Theoretical question: is it correct to compile part of code with -O0, another part - with -O3 ?

Yes, it's perfectly fine. Optimization doesn't change the ABI, and that's all that matters. Would be a disaster if different optimization levels were incompatible.

Dr15Jones commented 1 year ago

So the UBSAN report could explain the later crash I see as the call on line 222 track->SetCreatorProcess(proc) would set the creator process to nullptr and then later in the function when it calls StackingAction::isItPrimaryDecayProductOrConversion that would lead to a crash.

smuzaffar commented 1 year ago

While testing GCC11/LTO for simulation jobs I also noticed that MinBias (with 16 threads) and TTBar (for 8 threads) always crash with error

#5  0x00007fc6d4402f8b in StackingAction::isItPrimaryDecayProductOrConversion(G4Track const*, G4Track const&) const () from /cvmfs/cms-ib.cern.ch/sw/x86_64/week0/el8_amd64_gcc11/cms/cmssw/CMSSW_12_6_LTO_X_2022-11-24-1100/biglib/el8_amd64_gcc11/pluginSimulation.so
#6  0x00007fc6d44033be in StackingAction::ClassifyNewTrack(G4Track const*) () from /cvmfs/cms-ib.cern.ch/sw/x86_64/week0/el8_amd64_gcc11/cms/cmssw/CMSSW_12_6_LTO_X_2022-11-24-1100/biglib/el8_amd64_gcc11/pluginSimulation.so
#7  0x00007fc6d5130479 in G4StackManager::PushOneTrack(G4Track*, G4VTrajectory*) [clone .isra.0] () from /cvmfs/cms-ib.cern.ch/sw/x86_64/week0/el8_amd64_gcc11/cms/cmssw/CMSSW_12_6_LTO_X_2022-11-24-1100/biglib/el8_amd64_gcc11/pluginSimulation.so
#8  0x00007fc6d46ba63e in G4EventManager::DoProcessing(G4Event*) () from /cvmfs/cms-ib.cern.ch/sw/x86_64/week0/el8_amd64_gcc11/cms/cmssw/CMSSW_12_6_LTO_X_2022-11-24-1100/biglib/el8_amd64_gcc11/pluginSimulation.so
#9  0x00007fc6d440b81c in RunManagerMTWorker::produce(edm::Event const&, edm::EventSetup const&, RunManagerMT&) () from /cvmfs/cms-ib.cern.ch/sw/x86_64/week0/el8_amd64_gcc11/cms/cmssw/CMSSW_12_6_LTO_X_2022-11-24-1100/biglib/el8_amd64_gcc11/pluginSimulation.so
#10 0x00007fc6d4417242 in omt::ThreadHandoff::Functor<OscarMTProducer::produce(edm::Event&, edm::EventSetup const&)::{lambda()#1}>::execute() () from /cvmfs/cms-ib.cern.ch/sw/x86_64/week0/el8_amd64_gcc11/cms/cmssw/CMSSW_12_6_LTO_X_2022-11-24-1100/biglib/el8_amd64_gcc11/pluginSimulation.so
#11 0x00007fc6d43fc80a in omt::ThreadHandoff::threadLoop(void*) () from /cvmfs/cms-ib.cern.ch/sw/x86_64/week0/el8_amd64_gcc11/cms/cmssw/CMSSW_12_6_LTO_X_2022-11-24-1100/biglib/el8_amd64_gcc11/pluginSimulation.so
#12 0x00007fc710c111cf in start_thread () from /lib64/libpthread.so.0
#13 0x00007fc71087ce73 in clone () from /lib64/libc.so.6
civanch commented 1 year ago

I will try to revisit the code.

civanch commented 1 year ago

@Dr15Jones , @dan131riley, is it possible to check if #40180 improve the situation? I cannot do this promptly.

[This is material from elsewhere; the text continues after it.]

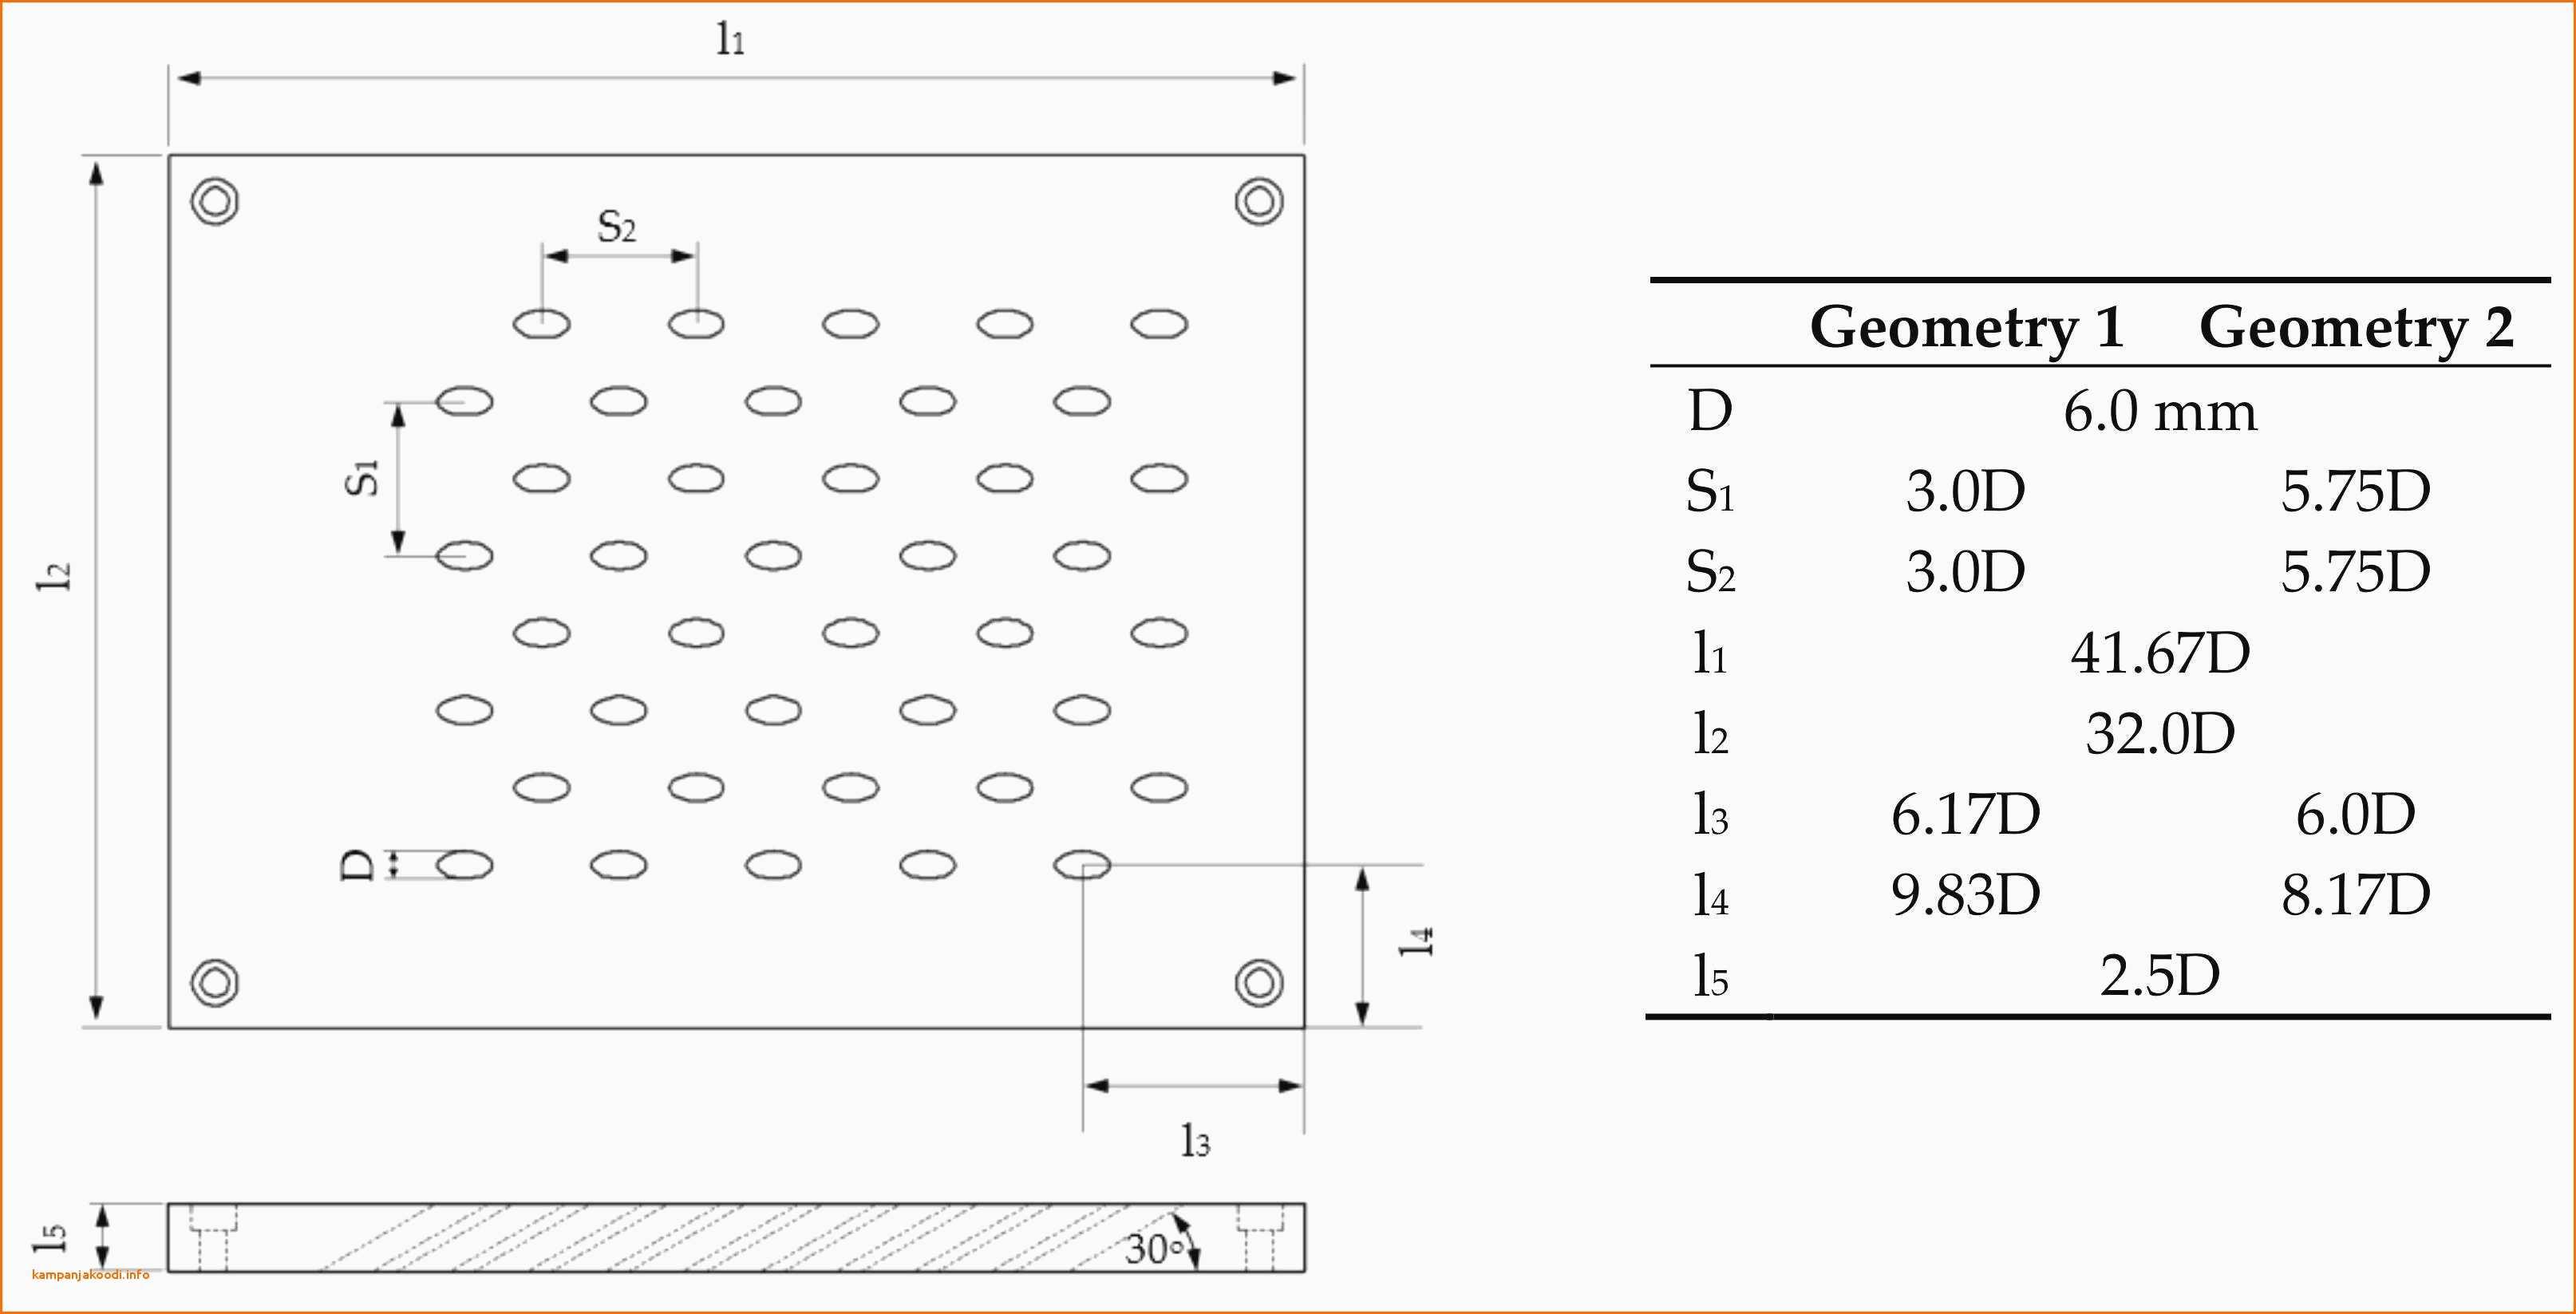 Templates. Bid Proposal Sample: Bid Proposal Template Free Printable - Free Printable Hr Forms

smuzaffar commented 1 year ago

@civanch , I have tested https://github.com/cms-sw/cmssw/pull/40180 for LTO builds and the tests (TTbar with 8 threads and MinBias 16 threads) which were failing before work now.

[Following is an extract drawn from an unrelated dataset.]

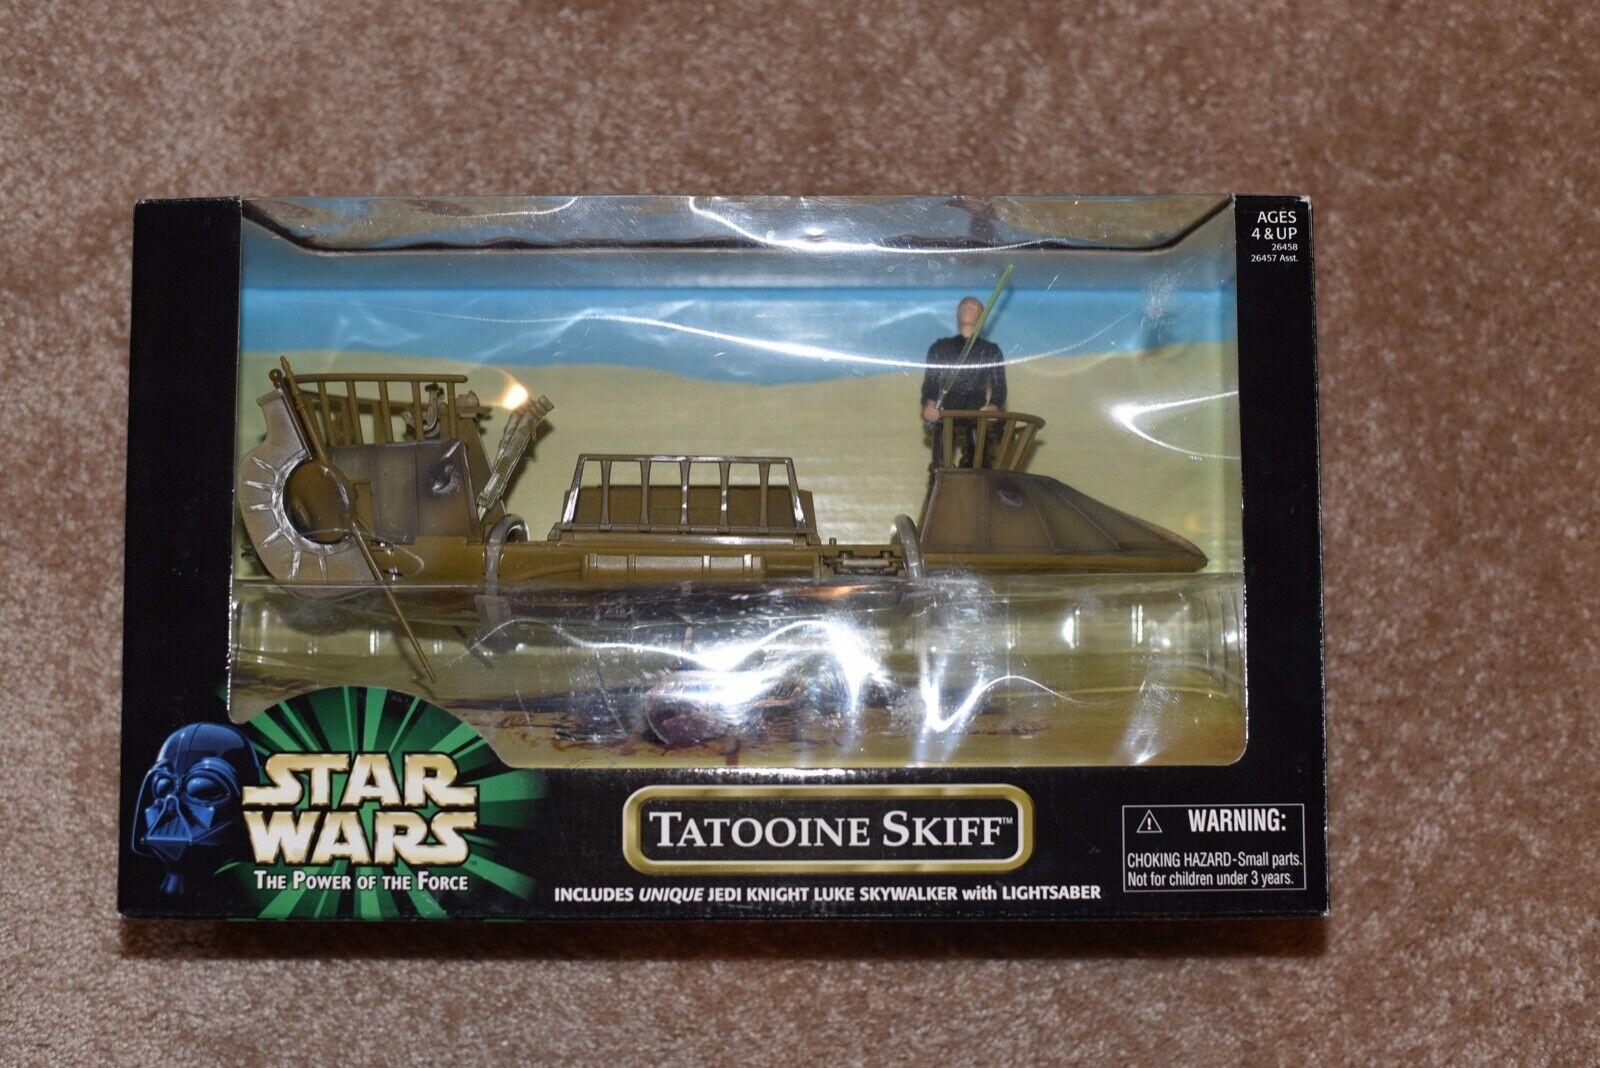 Star Wars - Power of the Force - Tatooine Skiff - NISB

civanch commented 1 year ago

The issue is fully understood. It is connected with the ComptonScattering process. When it happens, primary gamma continue tracking and electron is produced. Due to that creator process for electron is not correctly identified in all cases. The fix will be committed soon. It may be backported to 12_6. The problem does not exist in other releases.

civanch commented 1 year ago

PR #40252 resolve issues for 13_0 with Geant4 10.7.2 and may be backported to 12_6. There is no need to backport to early releases, because G4GammaGeneralProcess is not used in these releases.